*PROVIDED DATA:*

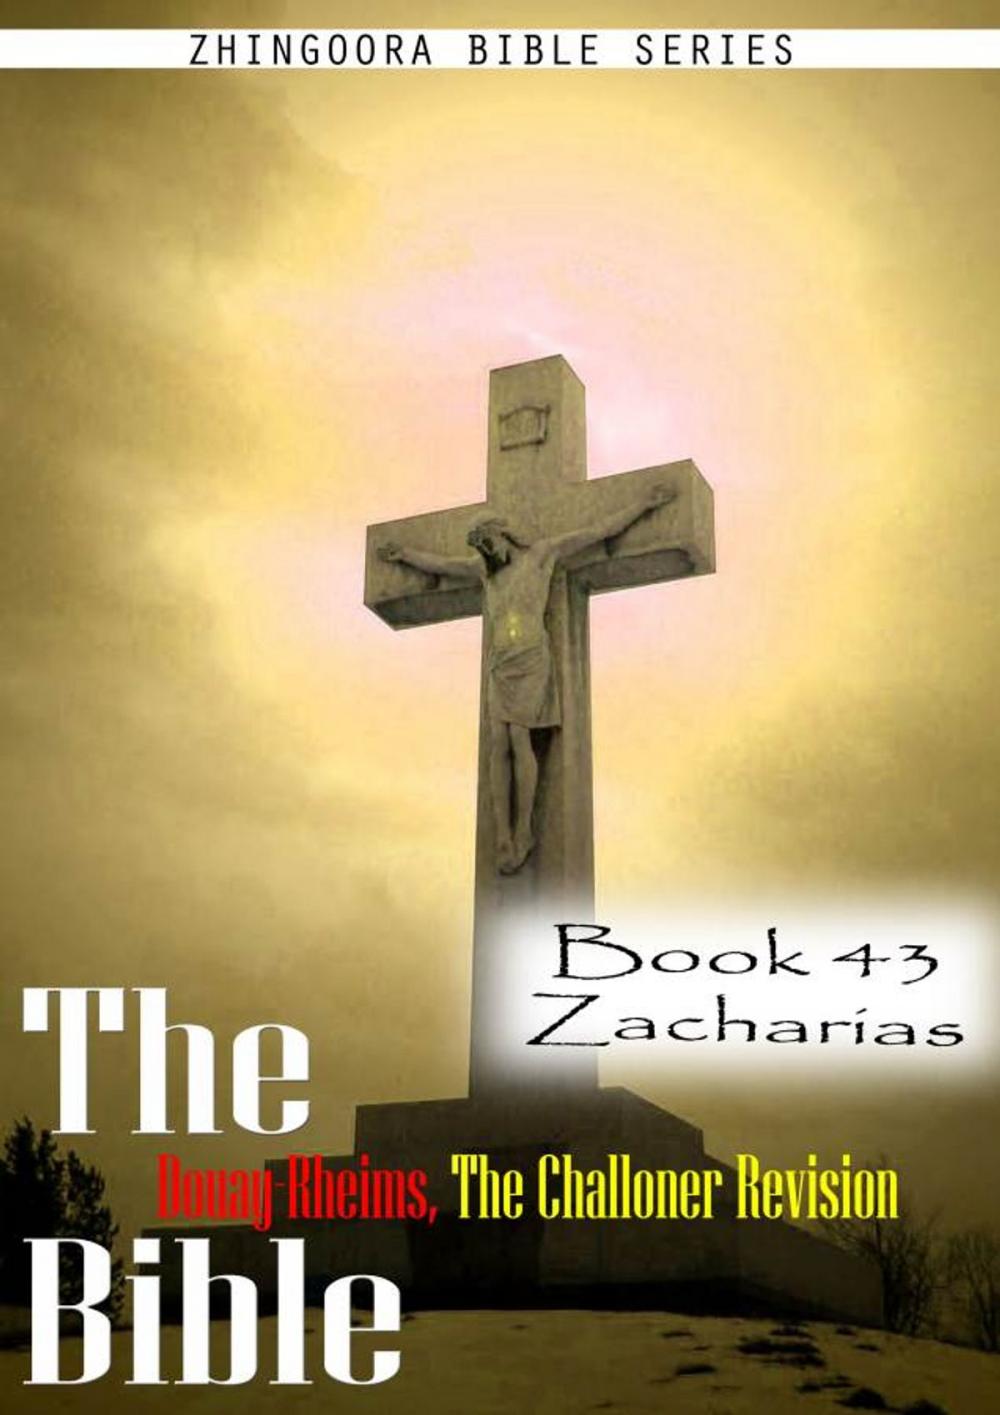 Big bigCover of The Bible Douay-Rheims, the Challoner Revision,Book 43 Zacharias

* * *

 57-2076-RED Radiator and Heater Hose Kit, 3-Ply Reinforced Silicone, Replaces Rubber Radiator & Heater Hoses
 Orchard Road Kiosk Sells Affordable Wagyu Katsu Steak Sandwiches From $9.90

---

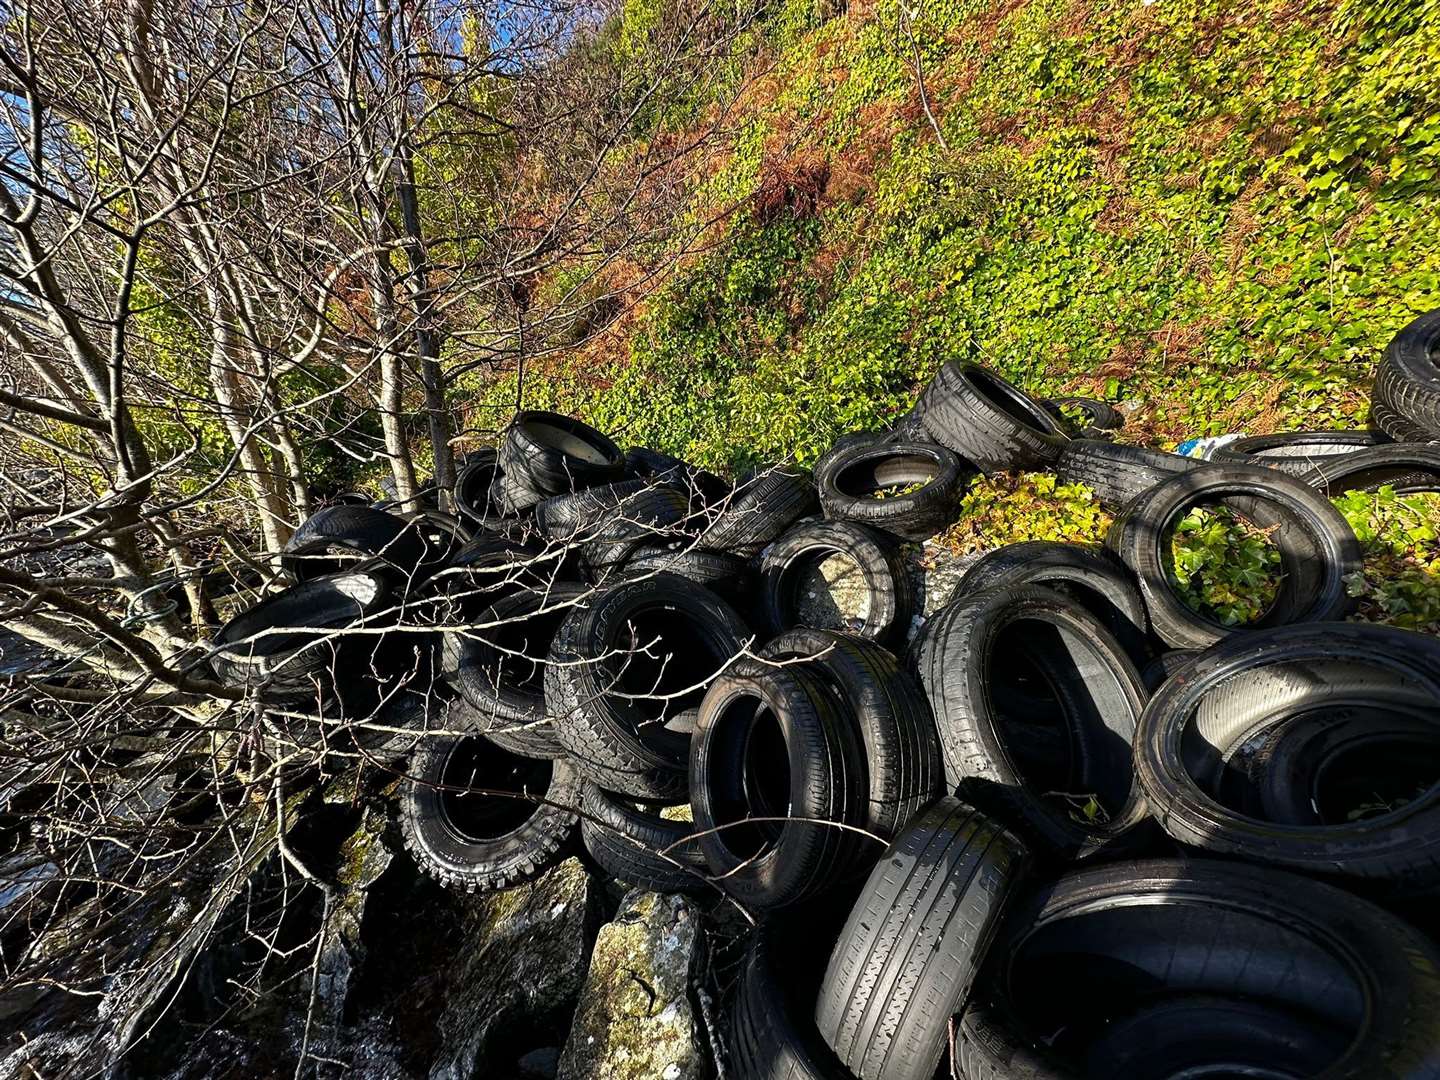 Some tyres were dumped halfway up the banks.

*INSTRUCTIONS TO FOLLOW:* Out of the listing above, reproduce exactly the lines from the one with "57-2076-RED Radiator and" up to and including the one with "Orchard Road Kiosk".

*FINISHED TASK:*
 57-2076-RED Radiator and Heater Hose Kit, 3-Ply Reinforced Silicone, Replaces Rubber Radiator & Heater Hoses
 Orchard Road Kiosk Sells Affordable Wagyu Katsu Steak Sandwiches From $9.90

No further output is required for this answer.